A DFT Study of Electronic Inductive and Resonance Effects of Substituents on Concerted Two-proton Coupled Electron Transfer between Catechol Derivatives and Superoxide

The development of biomimetic electron transfer catalysts based on proton-coupled electron transfer (PCET), which is characterized by quinone–hydroquinone π-conjugation, represent a promising approach for achieving highly efficient artificial energy conversion. Herein, I report a density functional theory (DFT)-based analysis of the electronic inductive (I) and resonance (R) effects of substituents on concerted two-proton-coupled electron transfer (2PCET) between benzene-1,2-diol (catechol) derivatives and the superoxide radical anion (O2•−). In this study, I investigated the relationship between the type and number of substituents and their effects on 2PCET using 12 catechol derivatives. Four types of substituents—methyl (+I, +R), chloro (−I, +R), methoxy (−I, +R), and cyano (−I, −R)—were selected in mono-, di-, tri-, and tetra-substituted forms to isolate and analyze their electronic effects without additional functionalities. Our DFT results confirmed that substituent effects selectively enhance either proton or electron transfer along a sequential PCET pathway.
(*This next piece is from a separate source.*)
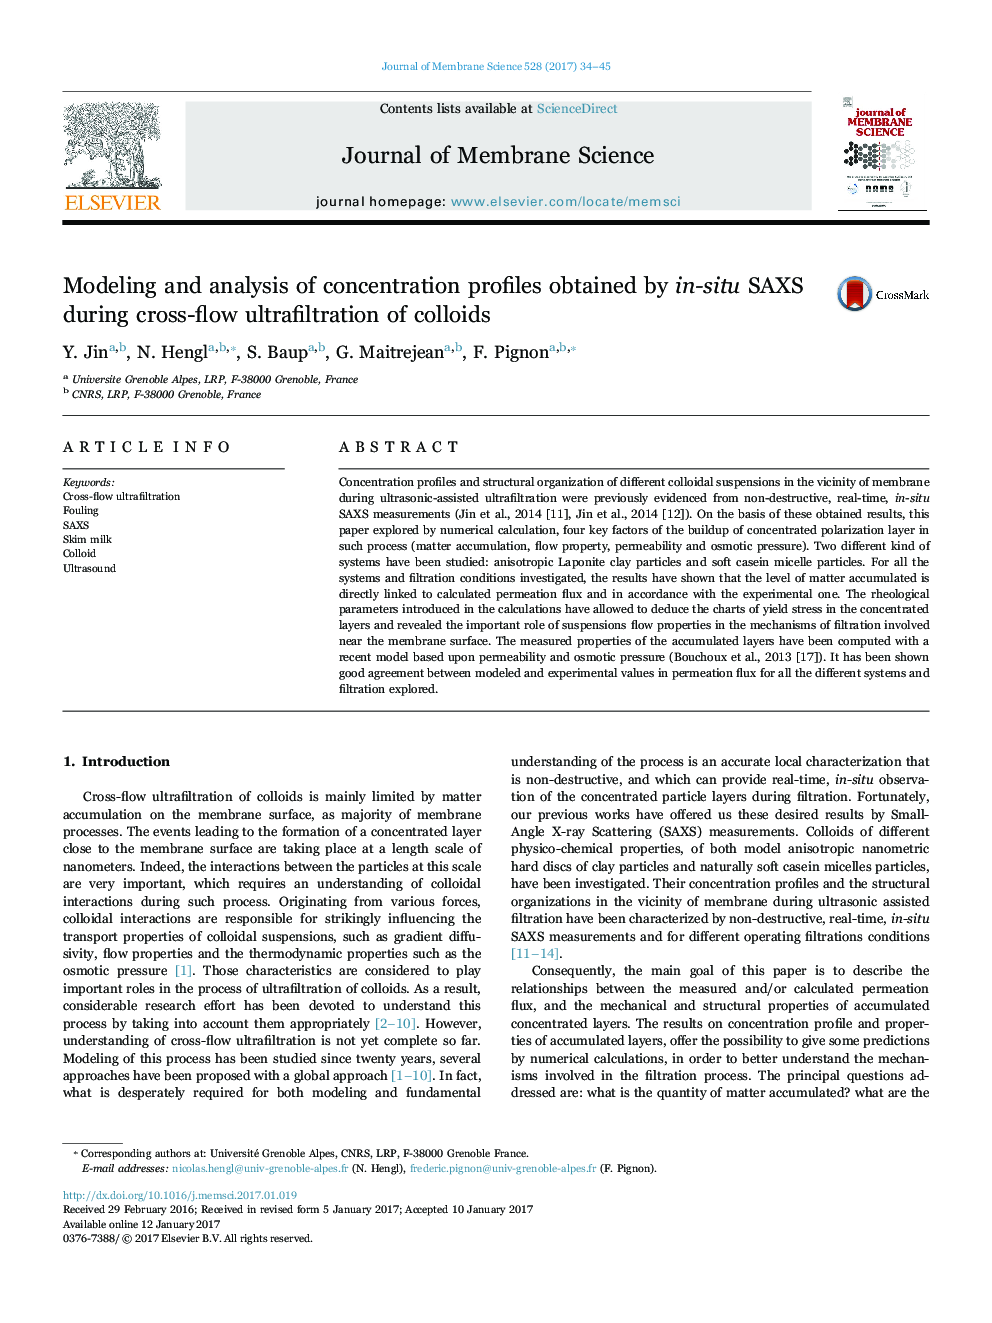 Modeling and analysis of concentration profiles obtained by in-situ SAXS during cross-flow ultrafiltration of colloids

Further analysis revealed that the R effect is the primary driving force for concerted 2PCET, where an increasing number of methyl or chloro substituents promotes the reaction, whereas cyano substituents suppress it. The I and R effects influence the electronic properties of catechol molecule in proportion to the number of substituents. However, free energy calculations indicated kinetic and thermodynamic deviations, suggesting that the substituents directly affected the two hydroxyl groups—the reaction sites of 2PCET—as well as their solvation environment.